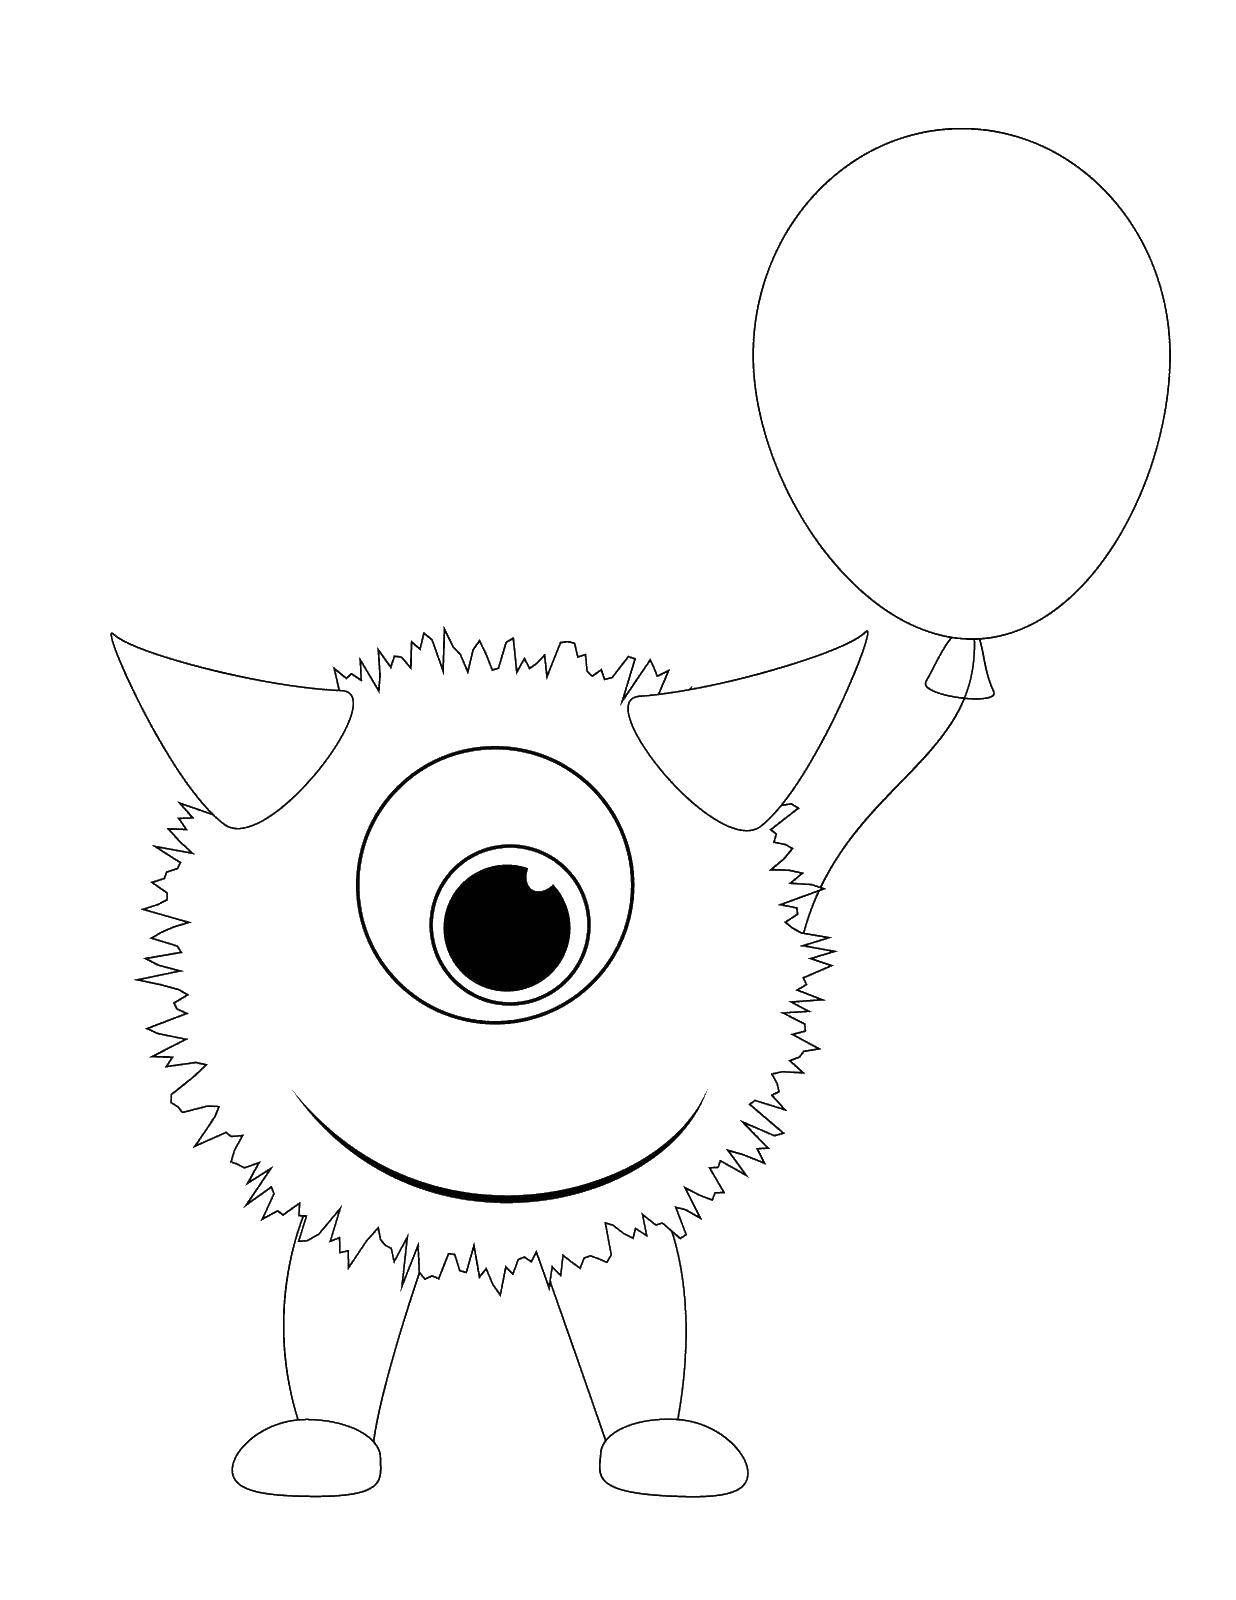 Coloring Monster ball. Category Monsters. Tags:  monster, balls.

==

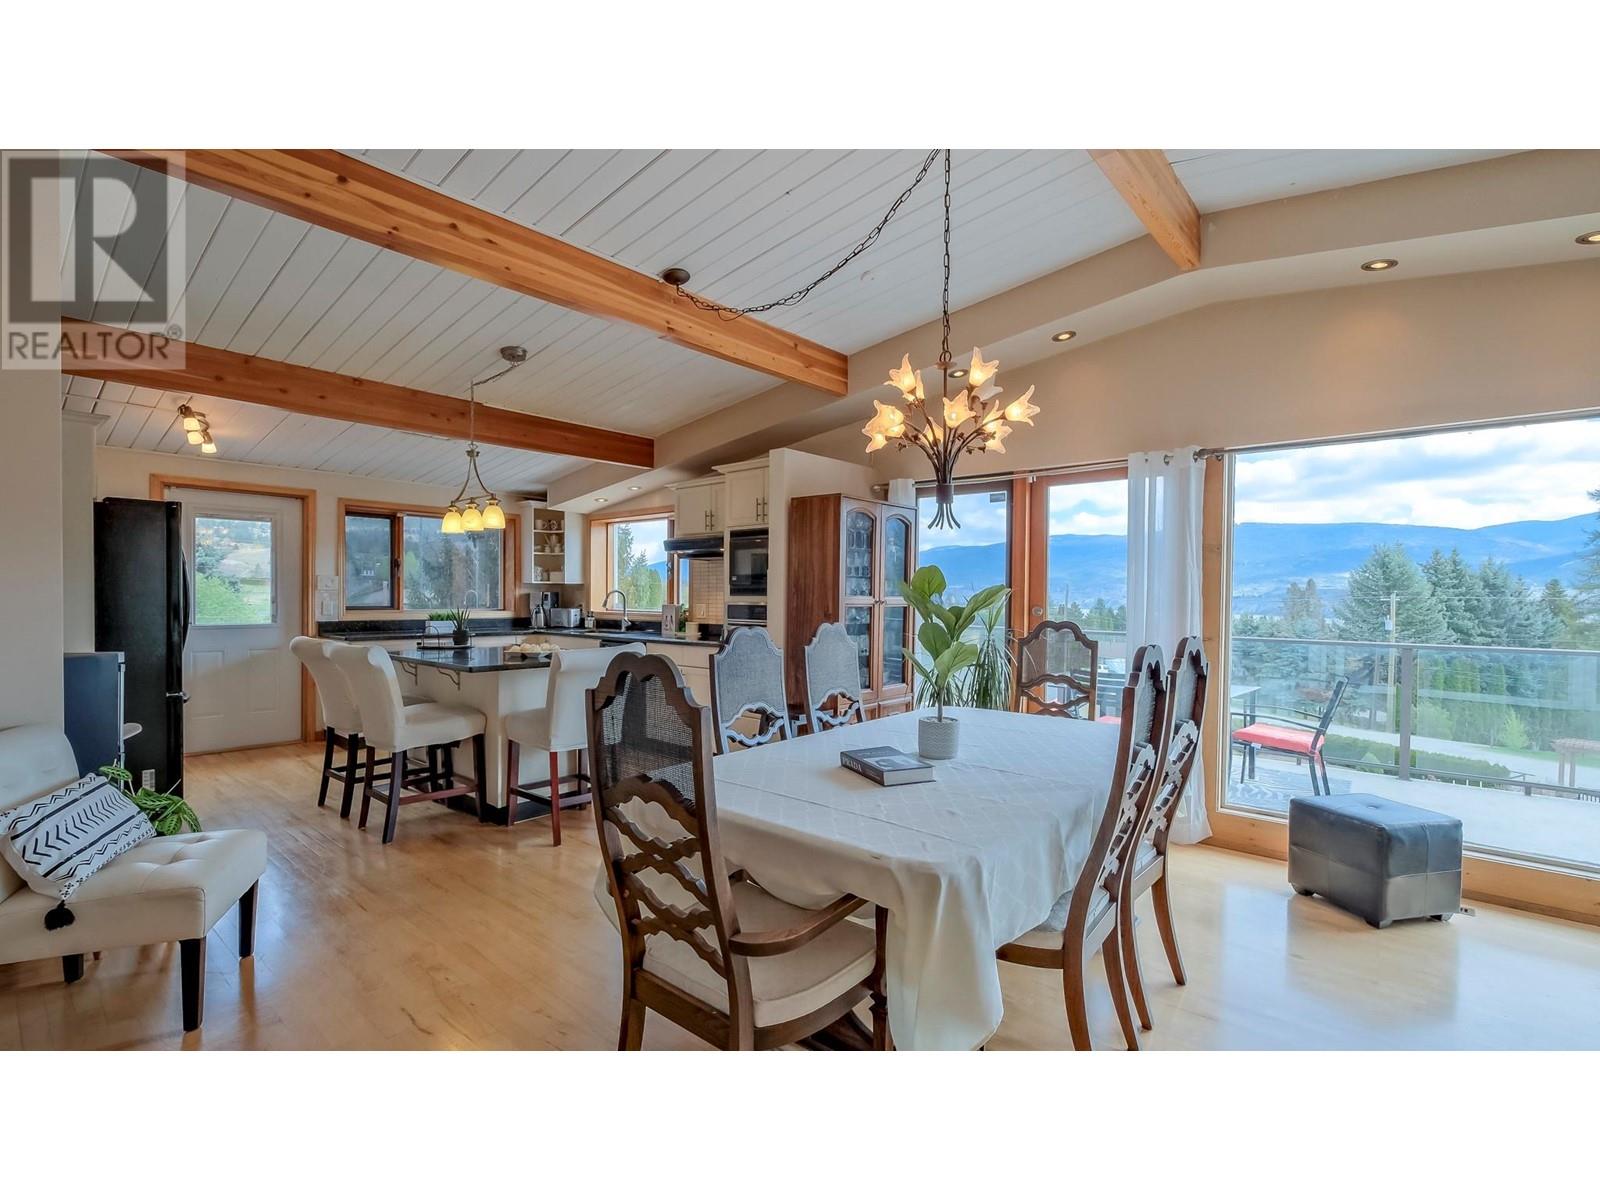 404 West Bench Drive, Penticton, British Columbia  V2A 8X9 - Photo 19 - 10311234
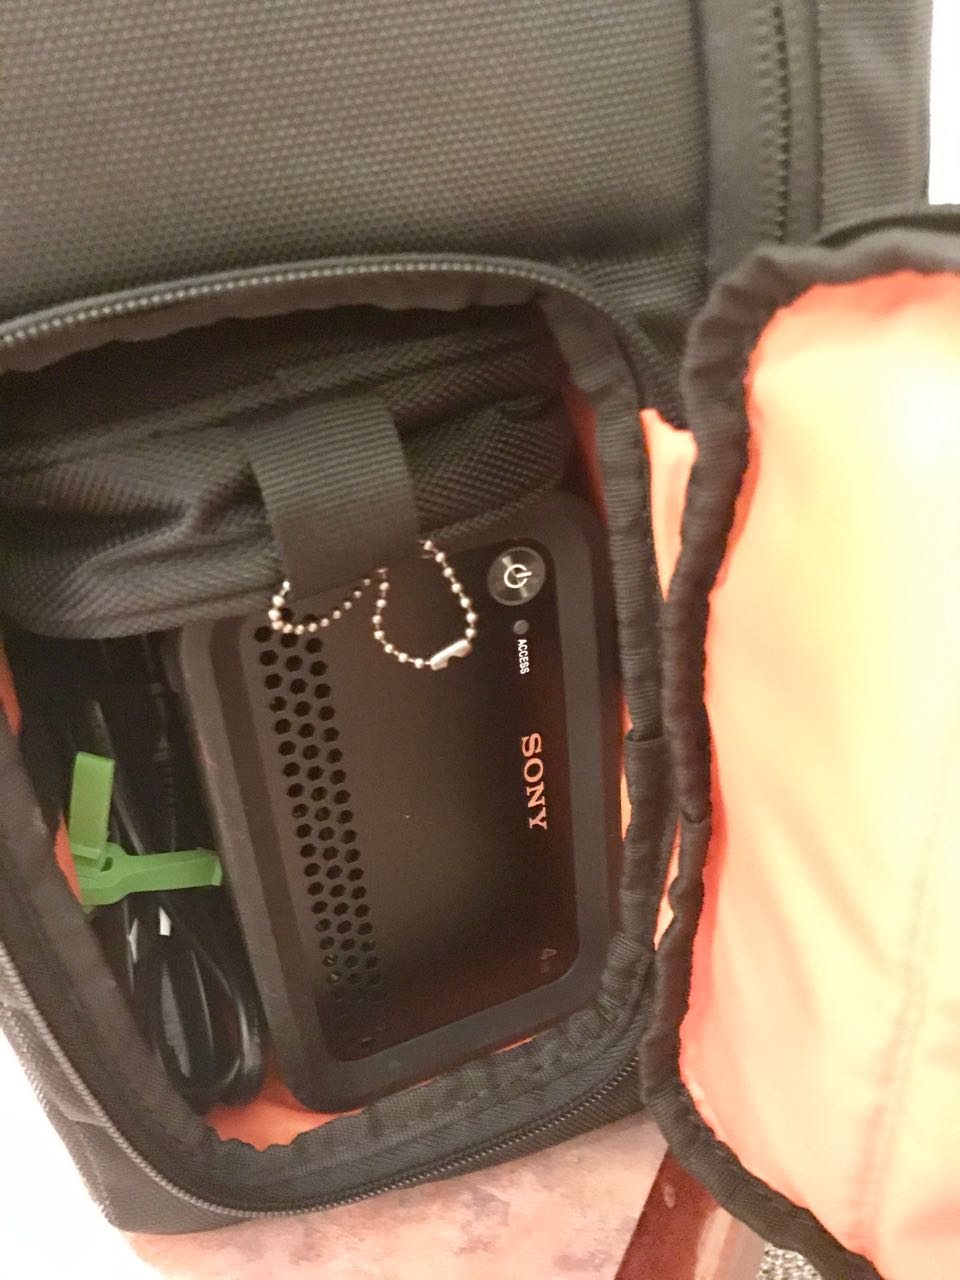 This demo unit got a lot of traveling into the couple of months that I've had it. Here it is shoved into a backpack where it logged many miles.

*What this task involves*:
What you return must match the lines above from the one with "404 West Bench" through the one with "This demo unit" exactly, with both ends included and the pictures excluded.

*Result of the task*:
 404 West Bench Drive, Penticton, British Columbia  V2A 8X9 - Photo 19 - 10311234
 This demo unit got a lot of traveling into the couple of months that I've had it. Here it is shoved into a backpack where it logged many miles.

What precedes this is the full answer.